EXERCISE: Omit the pictures. Transcribe exactly the lines below, from the one with "Baremetrics Slack notifications" up to and including the last.

PROVIDED DATA:
◇ ◇ ◇ ◇

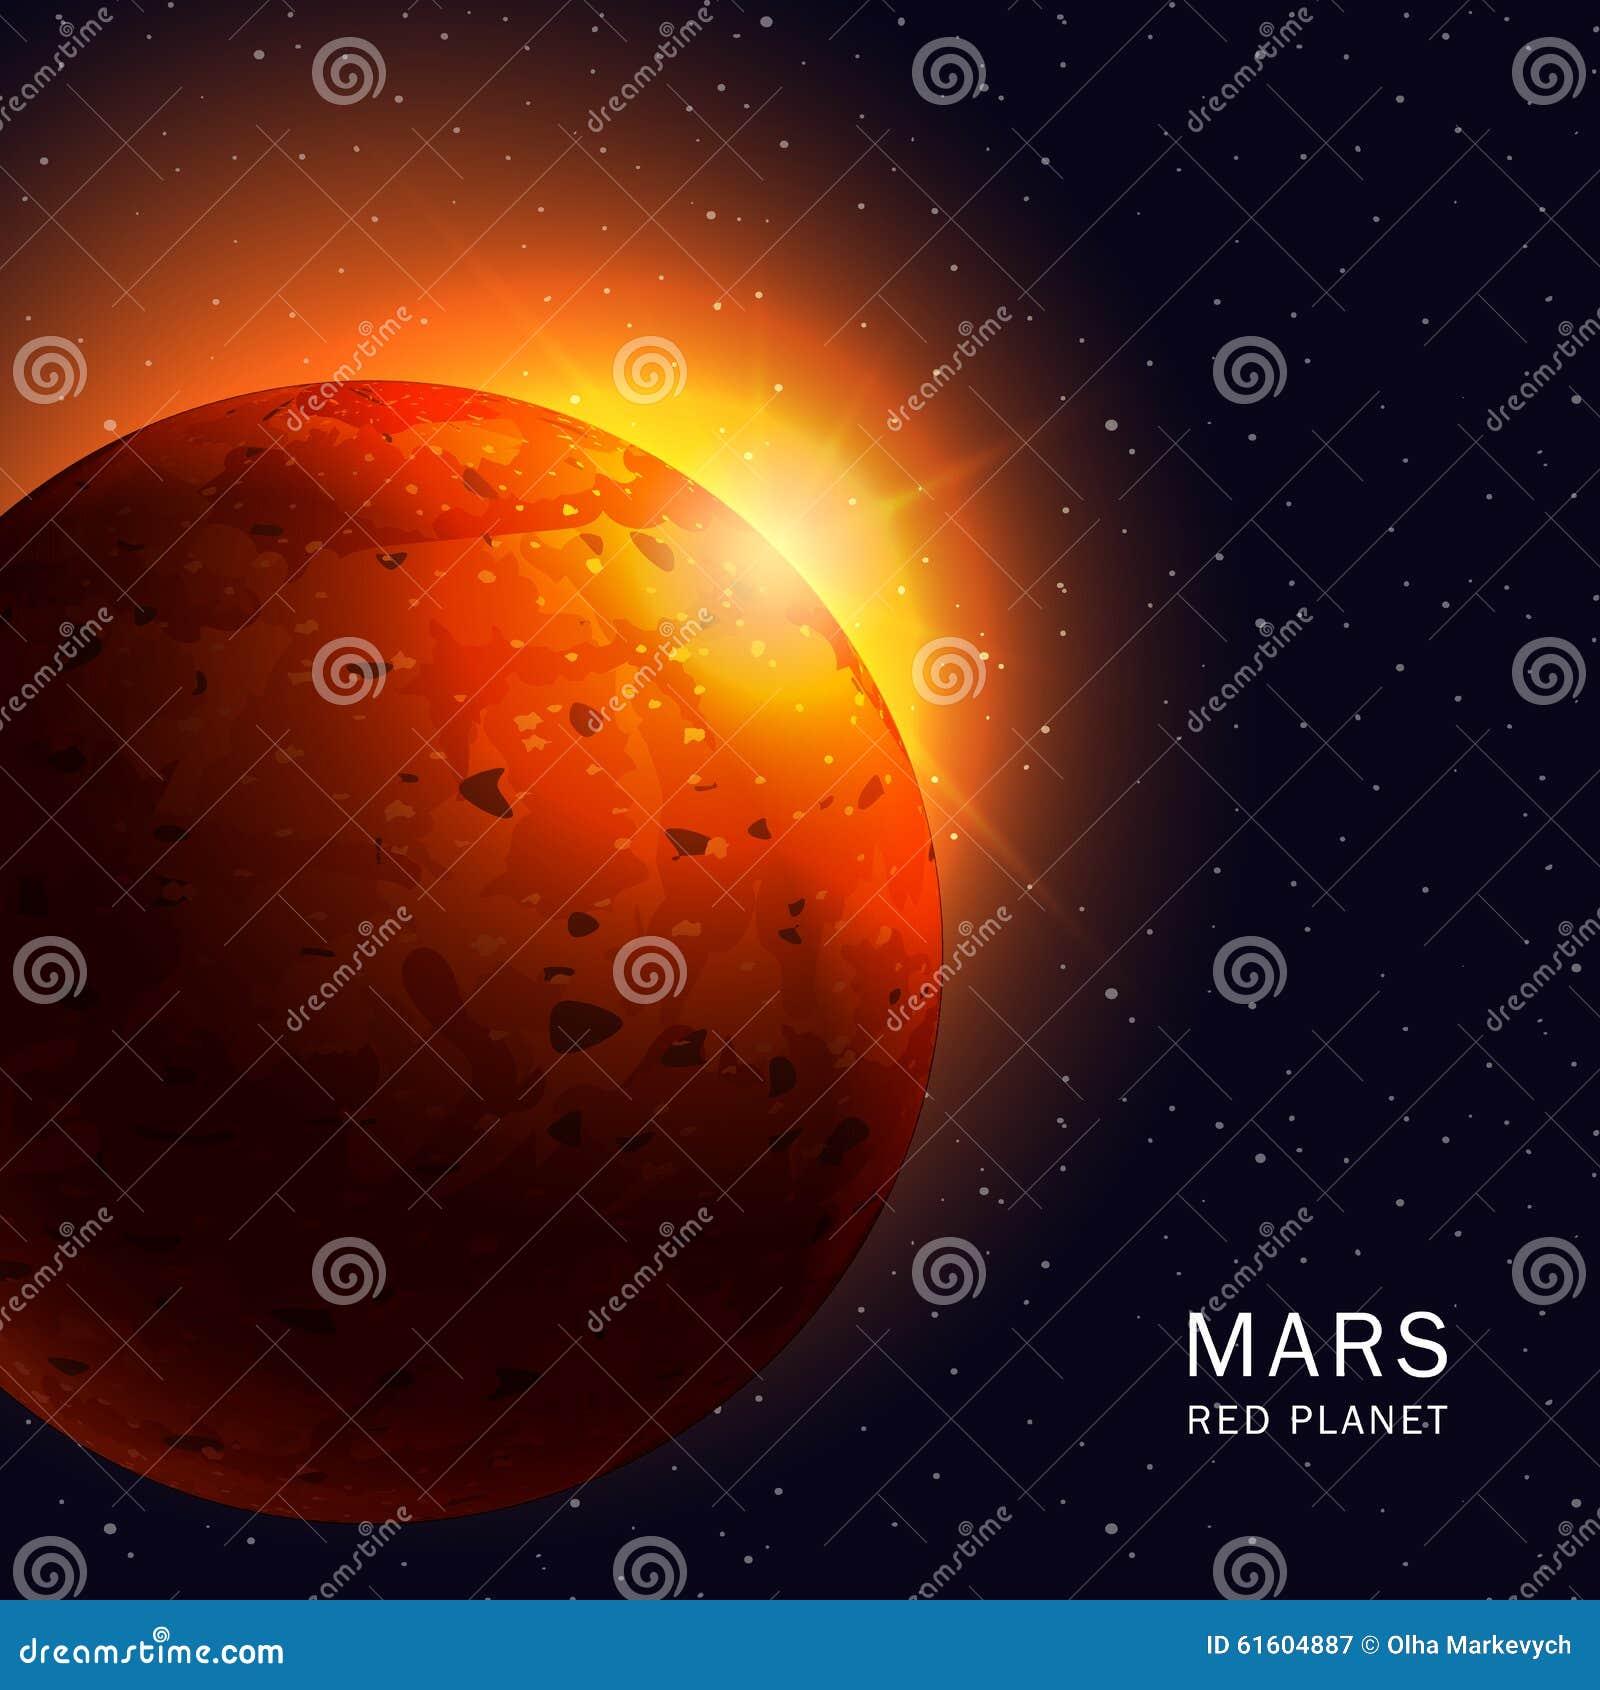 mars planet vector - photo #37
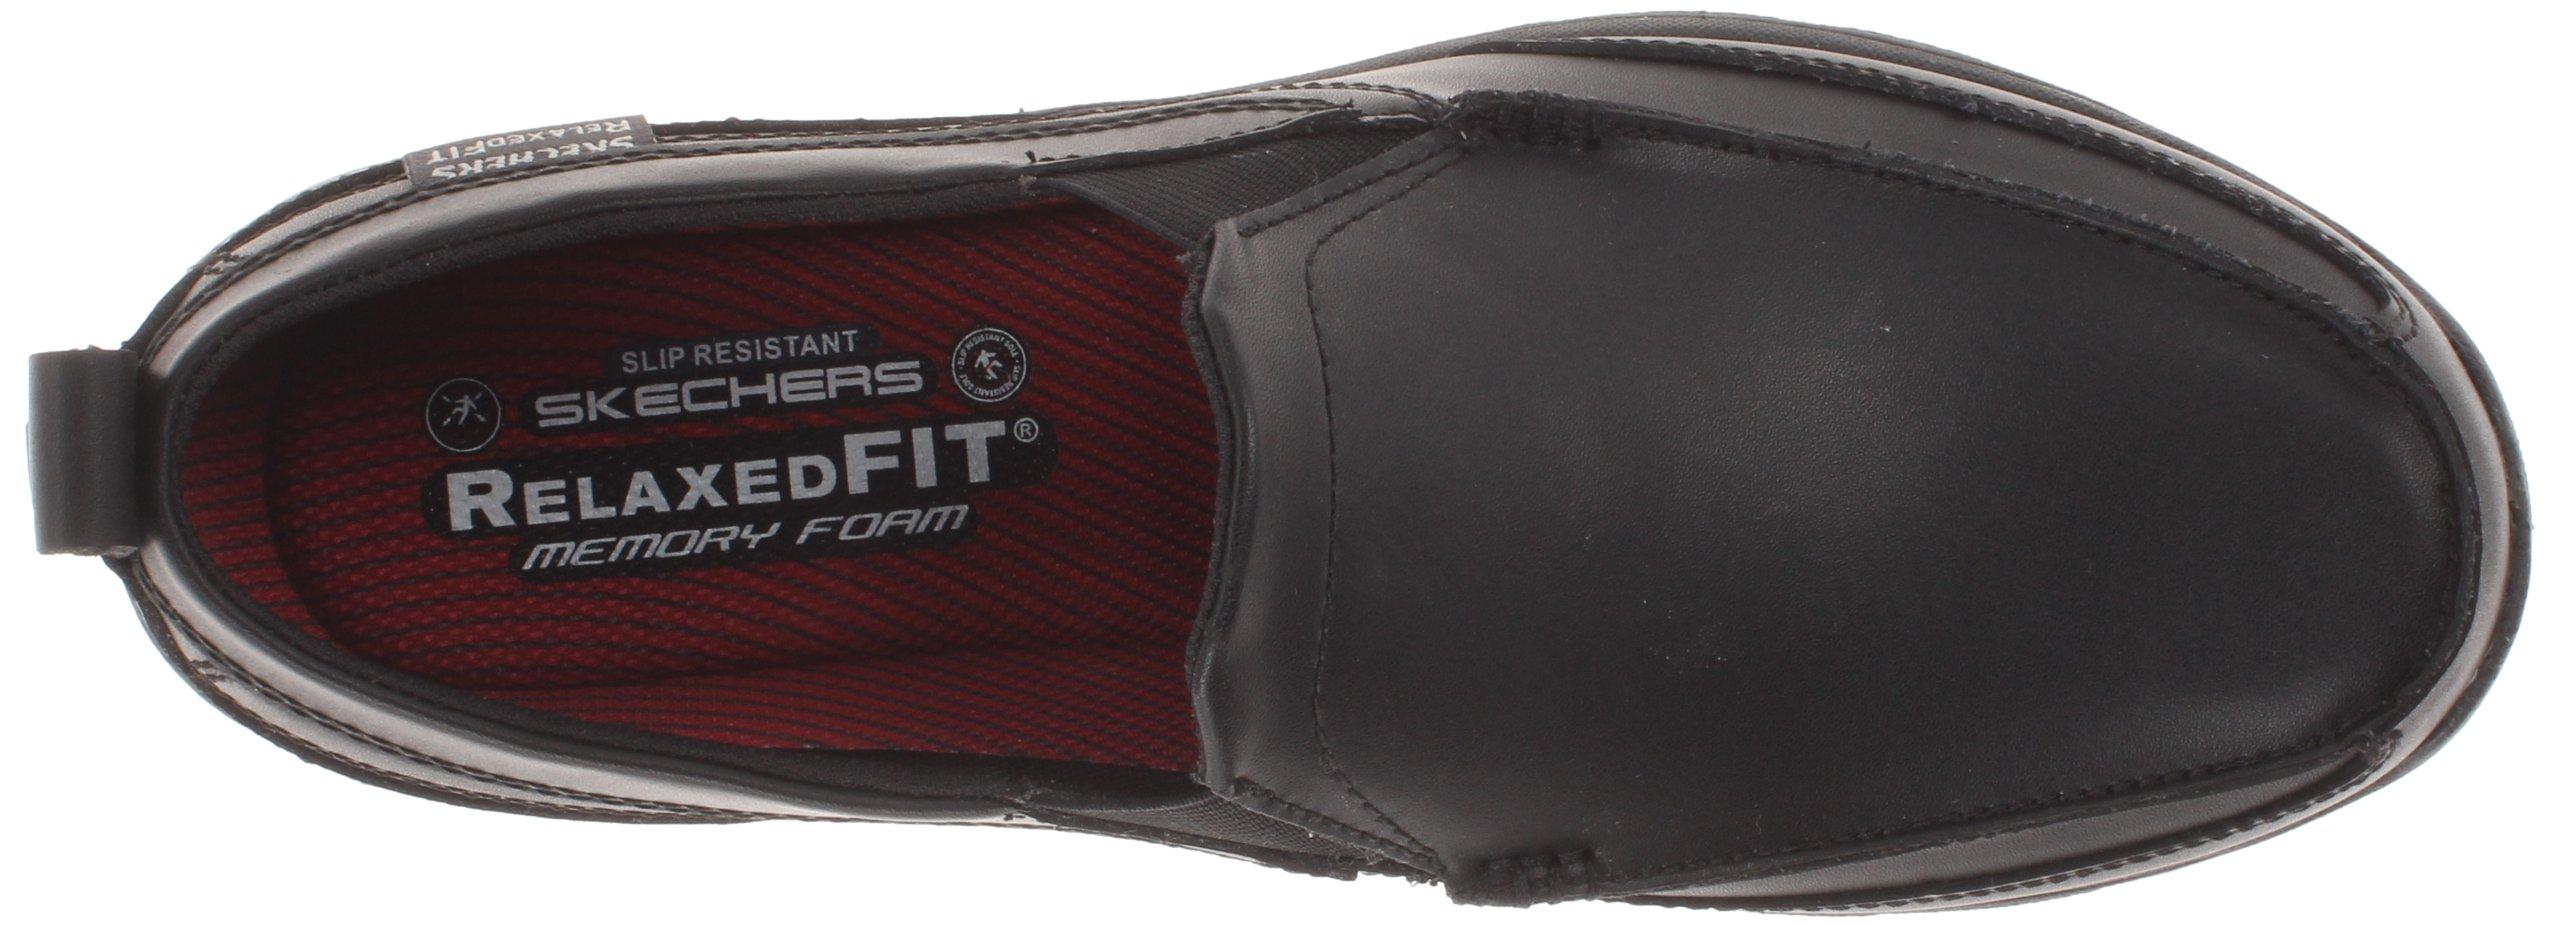 Skechers for Work Men's Hobbes Relaxed Fit Slip Resistant Work Shoe, Black, 11.5 M US by Skechers (Image #7)
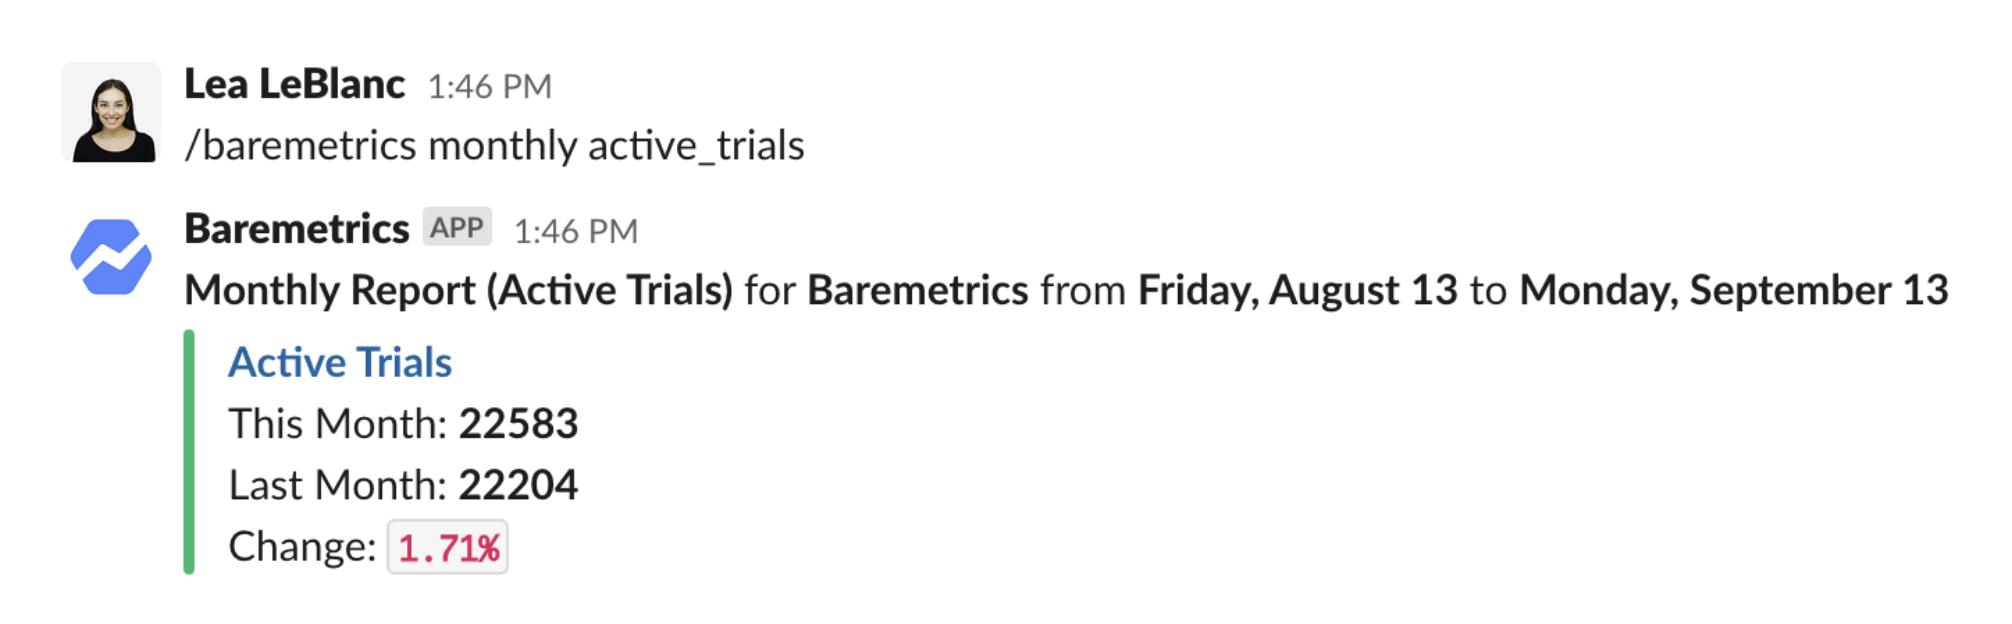 Baremetrics Slack notifications
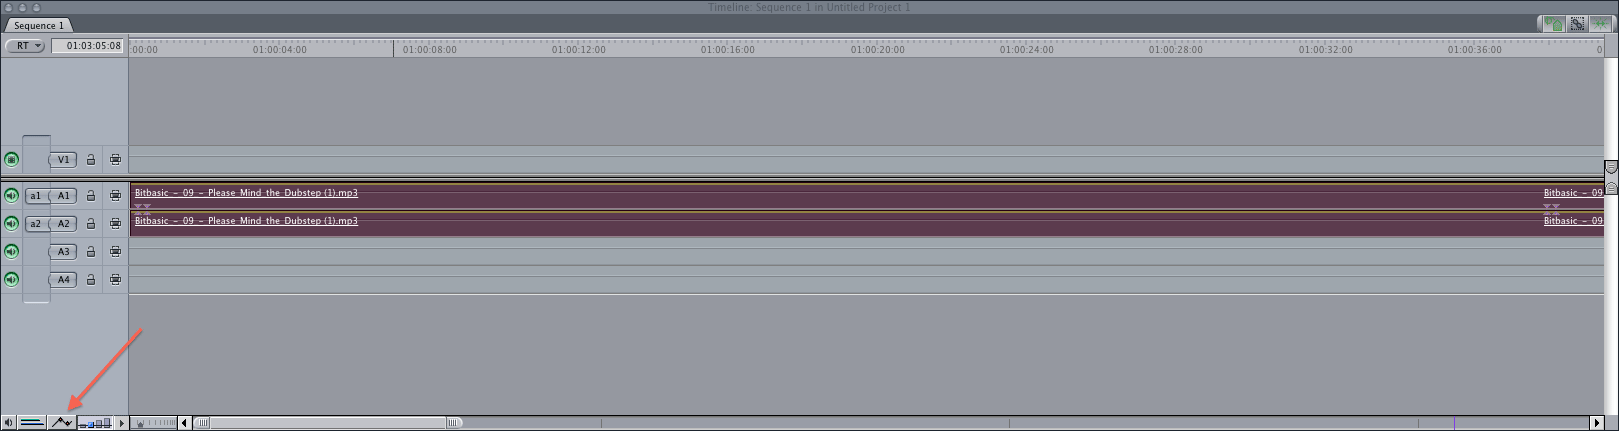 Adding & editing music - Vimeo Blog

◇ ◇ ◇ ◇

WRITTEN RESPONSE:
 Baremetrics Slack notifications
 Adding & editing music - Vimeo Blog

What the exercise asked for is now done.